# Information shown:
..............................
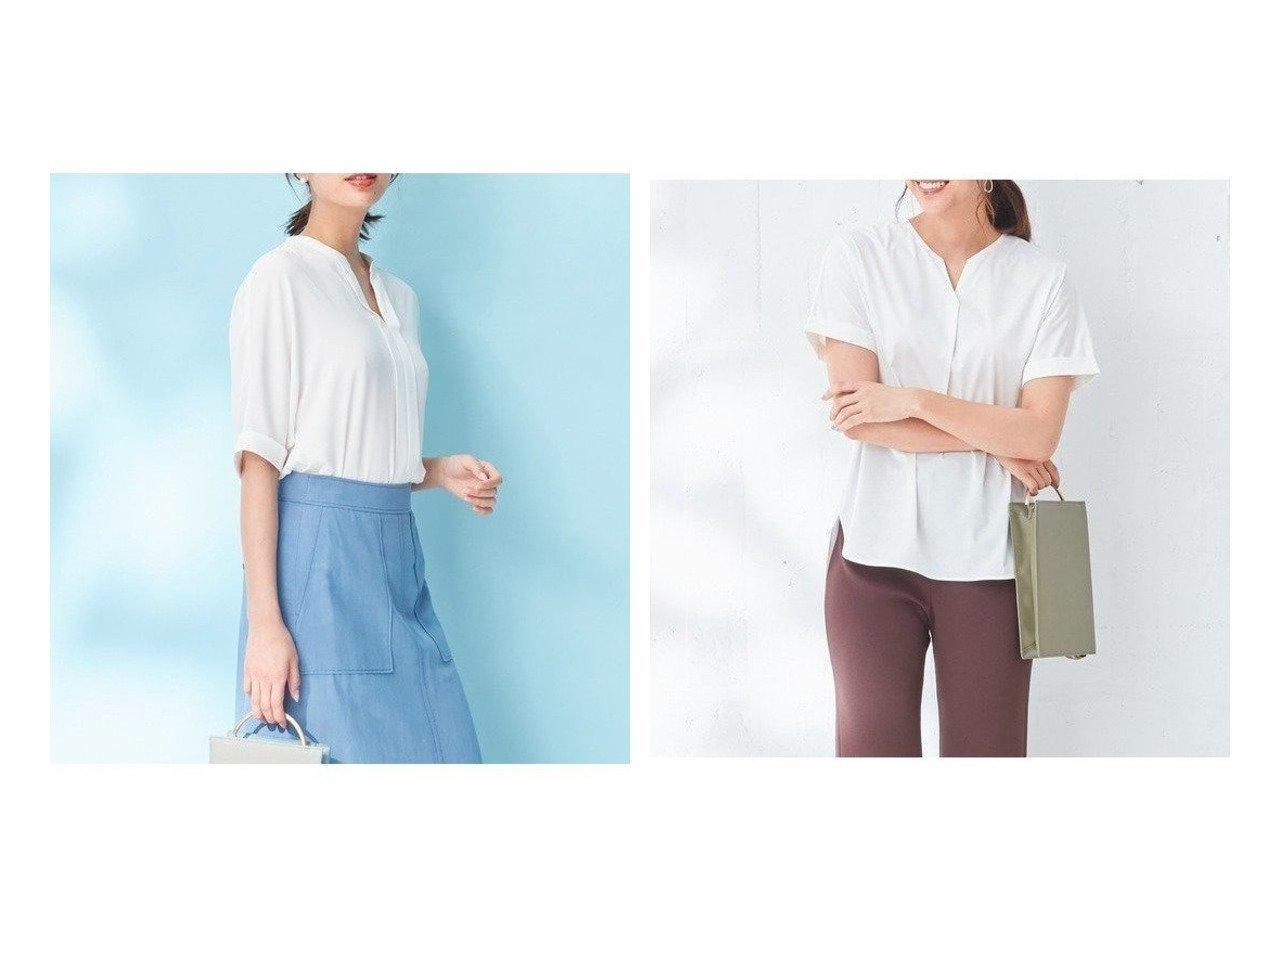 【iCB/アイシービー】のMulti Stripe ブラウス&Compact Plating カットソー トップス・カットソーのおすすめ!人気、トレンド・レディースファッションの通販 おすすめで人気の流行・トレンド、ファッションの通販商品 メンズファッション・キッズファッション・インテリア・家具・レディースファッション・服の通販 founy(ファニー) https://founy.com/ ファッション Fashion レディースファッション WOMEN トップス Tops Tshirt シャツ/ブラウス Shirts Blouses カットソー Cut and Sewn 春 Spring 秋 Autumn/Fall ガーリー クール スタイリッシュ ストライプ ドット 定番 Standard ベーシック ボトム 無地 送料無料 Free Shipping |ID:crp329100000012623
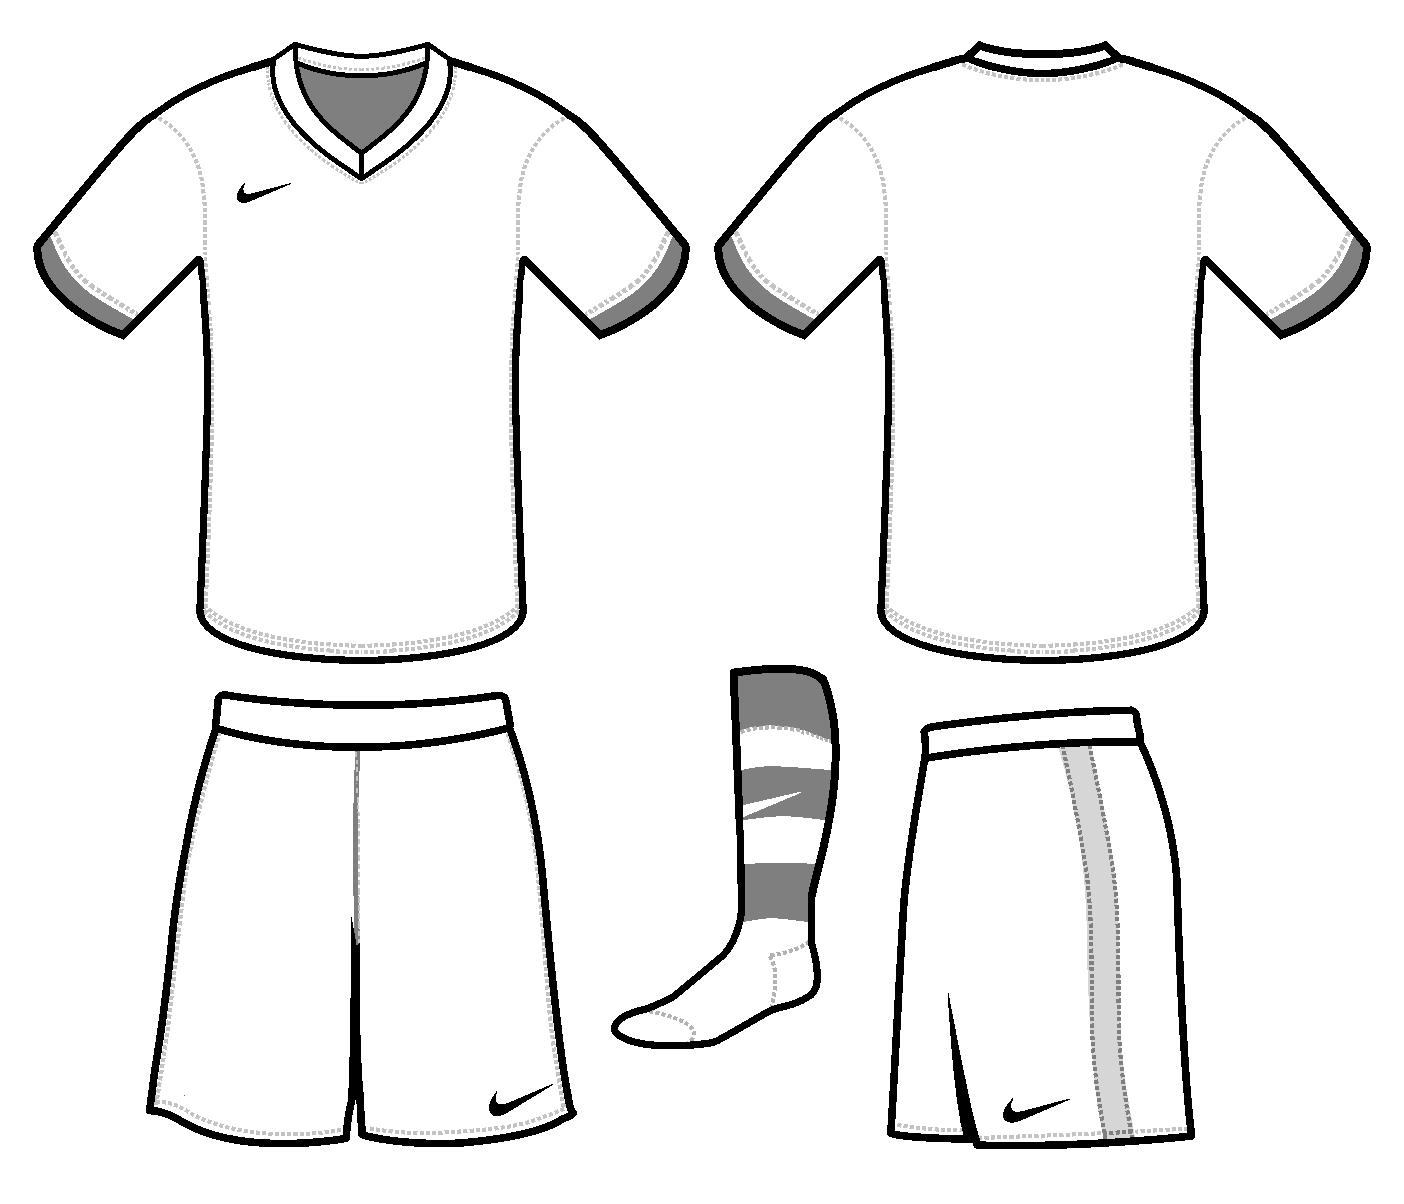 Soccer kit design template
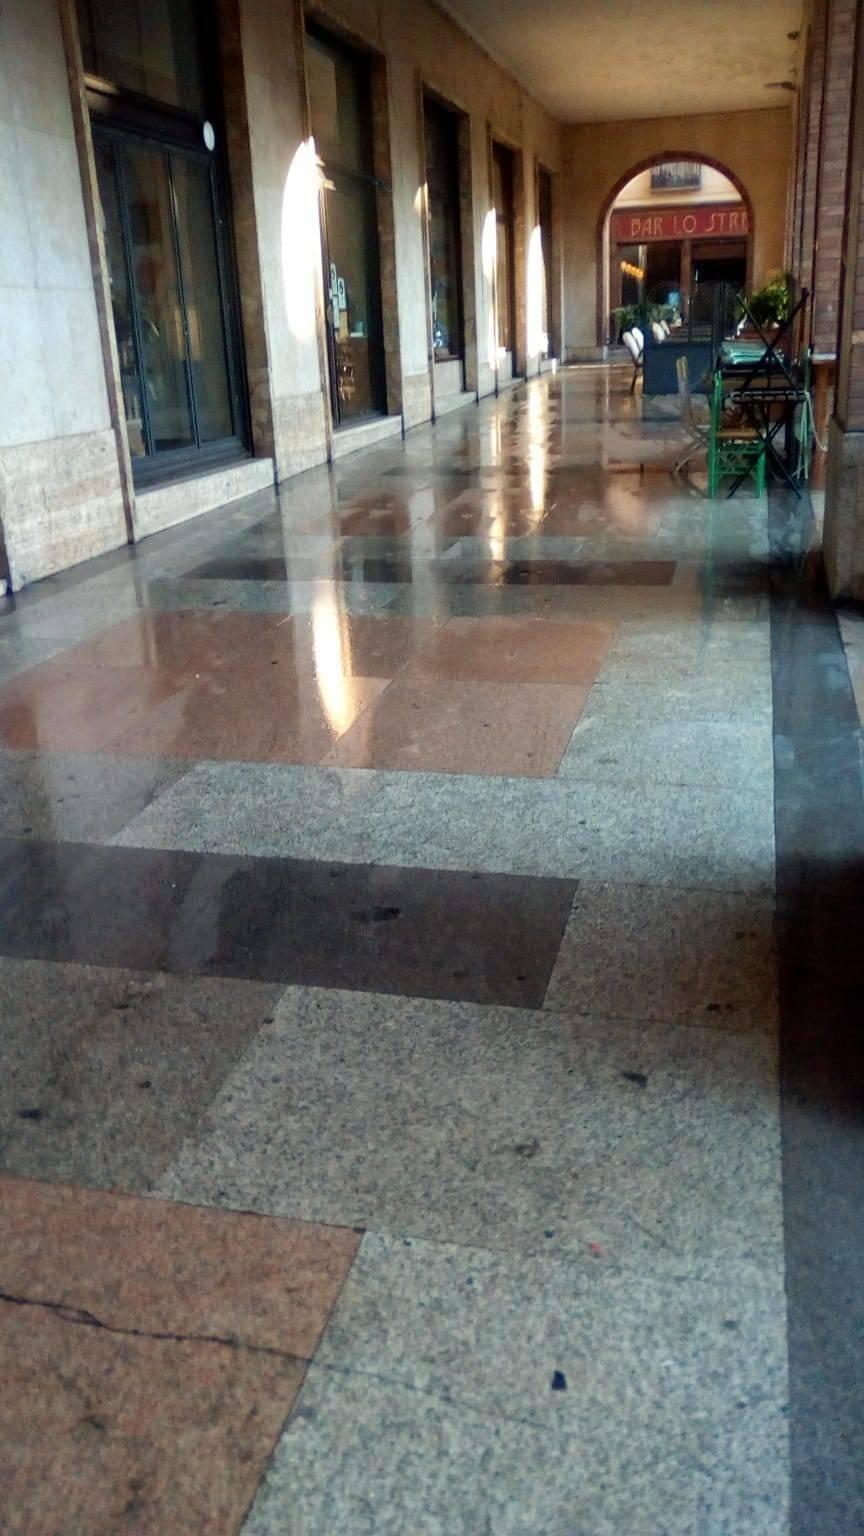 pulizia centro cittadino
..............................
# What the task asks:
Begin with the line that contains "Soccer kit design template" and repeat every line through the end of the data, exactly and only those lines, leaving out the pictures.

# Exercise solution:
 Soccer kit design template
 pulizia centro cittadino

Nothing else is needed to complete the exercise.